#### AVAILABLE DATA
━━━
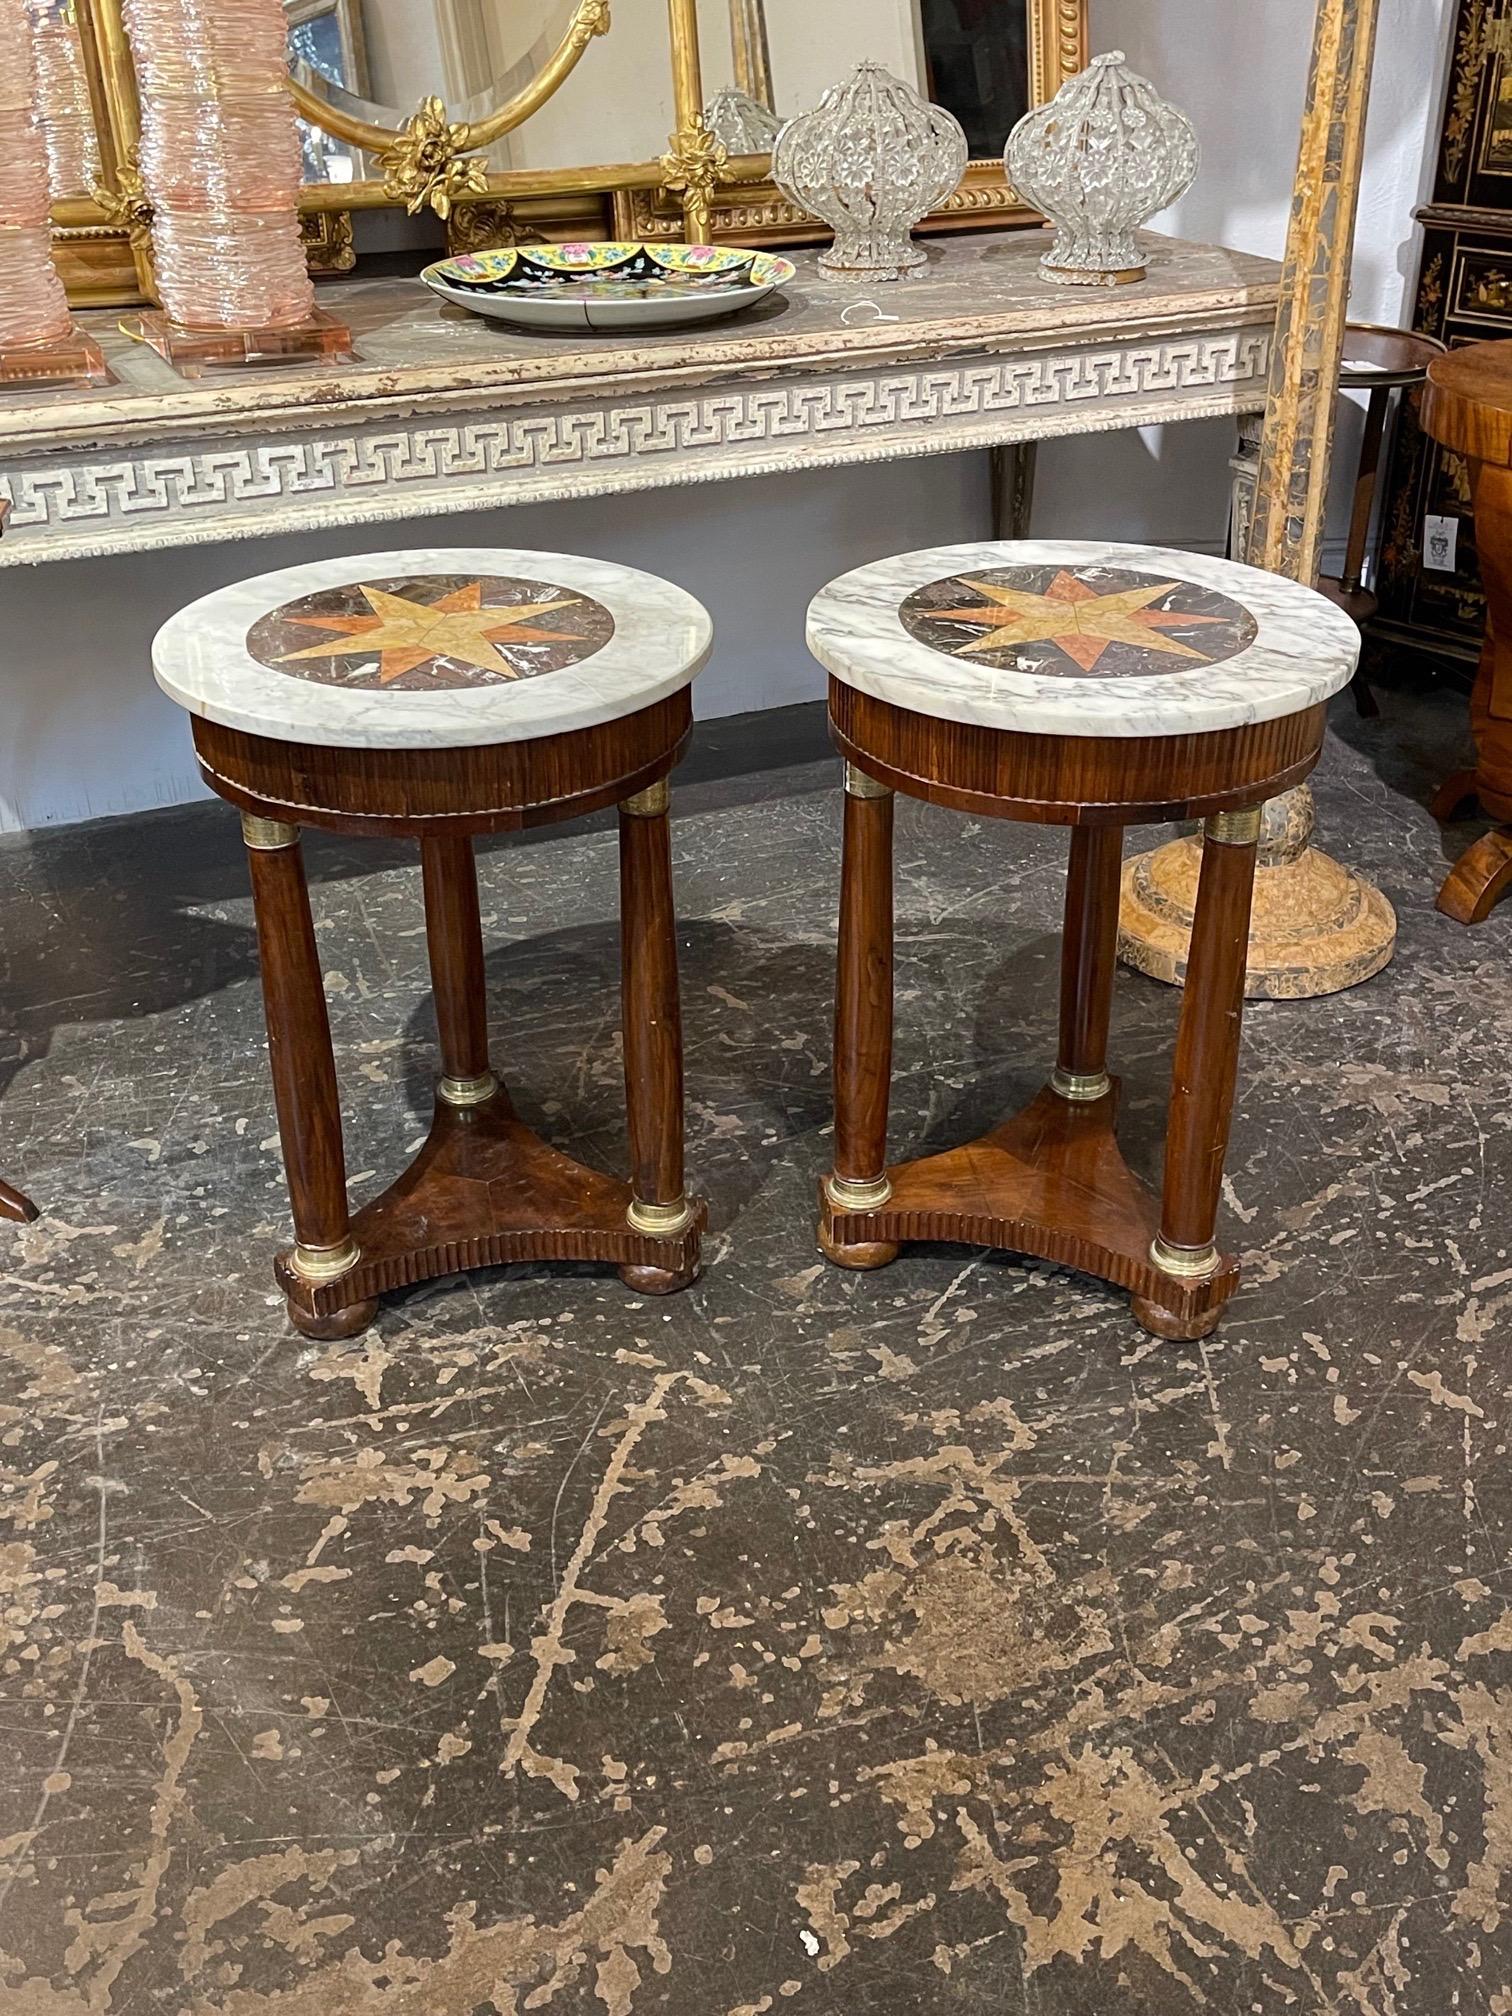 Handsome pair of 19th century Italian Empire style walnut side tables. Beautiful marble tops with pretty star pattern. Creates a very stylish look!!
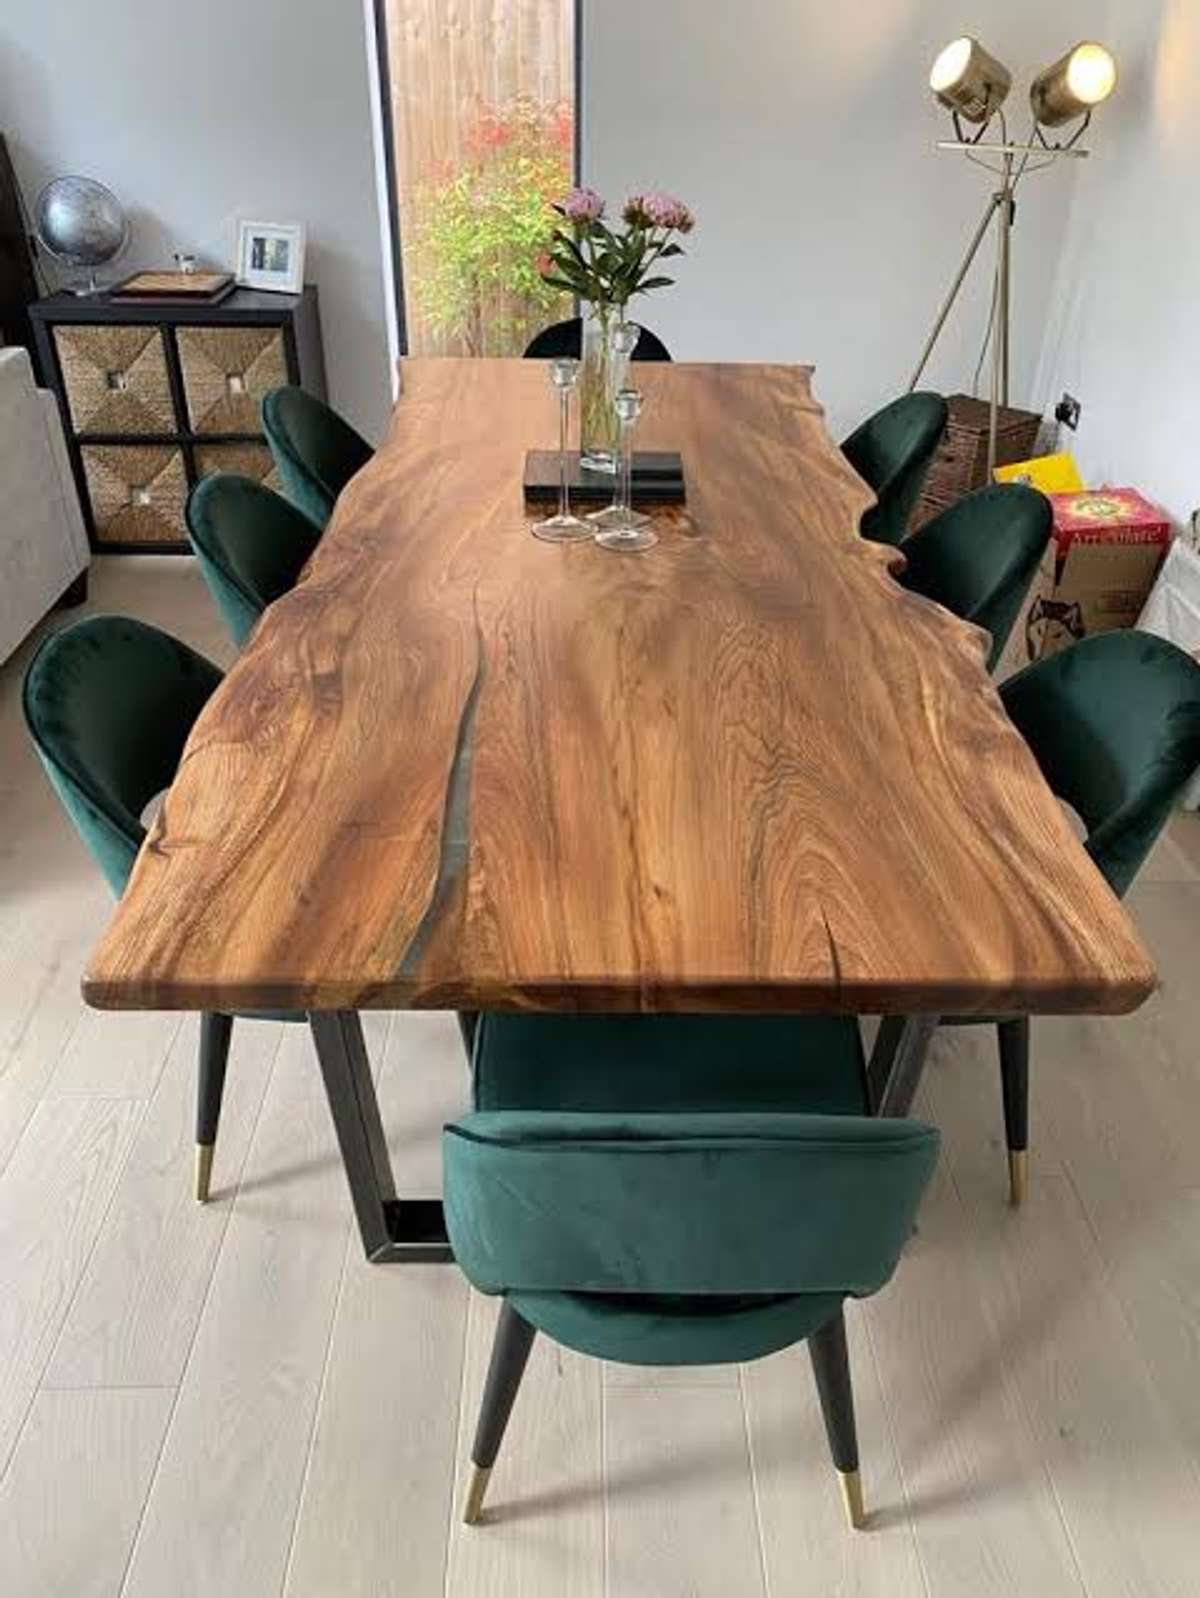 Live Edge Dining Table

49000/-. (gst extra)

contact us for more

9778027292

 #epoxihgalleria #DiningTable #DiningTableAndChairs #DINING_TABLE #RectangularDiningTable #diningarea #diningroomdecor #diningdecor #DiningTableAndChairs 

9778027292


limited period offer

6*3
━━━
The entire listing above is to be copied exactly, with all pictures omitted.

#### ANSWER TO THE PROBLEM
 Handsome pair of 19th century Italian Empire style walnut side tables. Beautiful marble tops with pretty star pattern. Creates a very stylish look!!
 Live Edge Dining Table

49000/-. (gst extra)

contact us for more

9778027292

 #epoxihgalleria #DiningTable #DiningTableAndChairs #DINING_TABLE #RectangularDiningTable #diningarea #diningroomdecor #diningdecor #DiningTableAndChairs 

9778027292


limited period offer

6*3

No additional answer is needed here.